The report states that Agriculture Universities irregularly upgraded 10 senior technical assistants in SKUAST-J and 45 STAs in SKUAST-K, to entry-level UGC pay scales of assistant professors.
“Even the requirement of two years of service arbitrarily fixed by the Universities for up-gradation was not followed as one STA of SKUAST-K was prematurely designated (February 1998) as an assistant professor after completing only four months of service as STA which led to further future up-gradations and resulted in excess payment of ₹0.30 crore. Further, one STA in SKUAST-K was placed in the next higher pay scale before the successful completion of probation. As a result, he was prematurely designated as an assistant professor, leading to further placement in higher scales under CAS. This had resulted in excess payment of Rs 0.26 crore,” the report further states.

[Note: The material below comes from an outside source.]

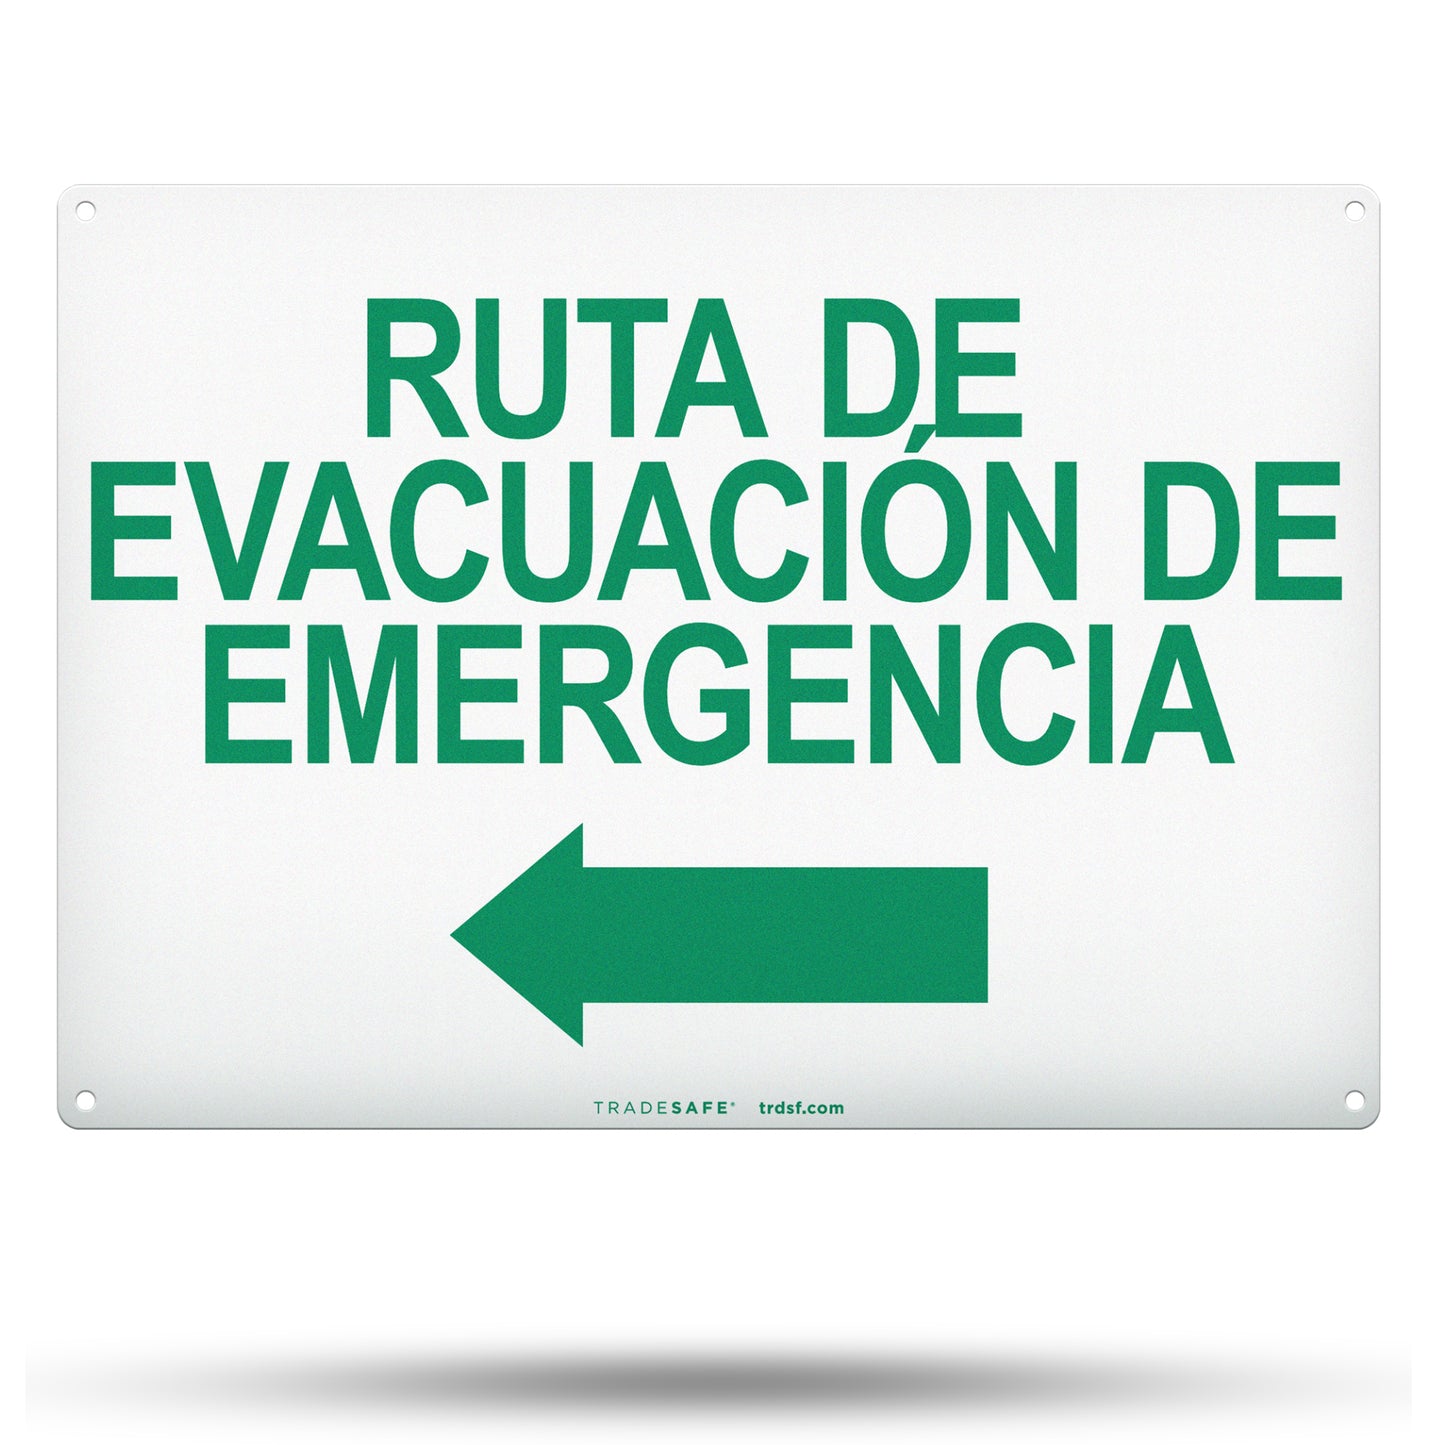 ruta de evacuación de emergencia sign with left arrow

The CAG has observed that by upgrading non-teaching staff to teaching positions, the Agriculture Universities had restricted competition and denied opportunities to aspiring meritorious candidates to apply for teaching posts, and compromised quality of teaching in such cases as minimum standards prescribed for appointment of teachers had not been maintained.
The audit also noticed that the Universities had compromised the standards for assessment of research achievements of candidates claiming promotion to the post of professors by diluting the criteria of quality and number of research publications.
“Against the requirement of five publications for professors, the Universities stipulated a requirement of only three publications. Submission of publications for assessment of eminent experts before the interview was also not ensured by the Universities. The Universities had thus avoided the methodology prescribed in the UGC regulations for CAS, which defeated the purpose of PBAS,” the report states.
It further says the move rendered the promotion of 122 associate professors (62 in SKUAST-J and 60 in SKUAST-K) to professors in the Universities irregular.
The audit noticed cases of premature placements in the next higher grade pay without completion of prescribed residency periods. “Against the minimum residency period of five years required for placement in the next higher grade pay of ₹8,000, 17 assistant professors (SKUAST-J: 05; SKUAST-K: 12) were placed (between August 2010 and July 2017) in the higher grade and designated as associate professors prematurely after completing service ranging between two years and four years eight months only,” the report states.
Audit scrutiny of service records of 557 non-teaching employees out of a total of 1,794 revealed cases of recruitments through regularisation of adhoc/contractual employees, appointments without qualifying mandatory tests, direct recruitments to posts required to be filled through promotion, lateral entry to posts prescribed to be filled through direct recruitment etc.
“Audit noticed that out of 557 cases checked in audit, 112 (SKUAST-J: 31; SKUAST-K: 81) personnel were initially engaged (between March 1992 and November 2010) either on adhoc or contractual basis for a period of 89 days. The period of their engagement was extended from time to time. These adhoc/contractual employees were regularised (2015) without advertising the post,” the report states.
The auditor has also pointed towards the dearth of manpower, both teaching and non-teaching, in Agriculture Universities of J&K.
“In SKUAST-J, the shortfall ranged between 26 and 33 percent under the teaching category and 19 and 26 percent under the non-teaching category during the period. Similarly, shortage of manpower in SKUAST-K ranged between 22 and 33 percent under the teaching category and 29 and 32 percent under the non-teaching category during 2016-21,” the report states.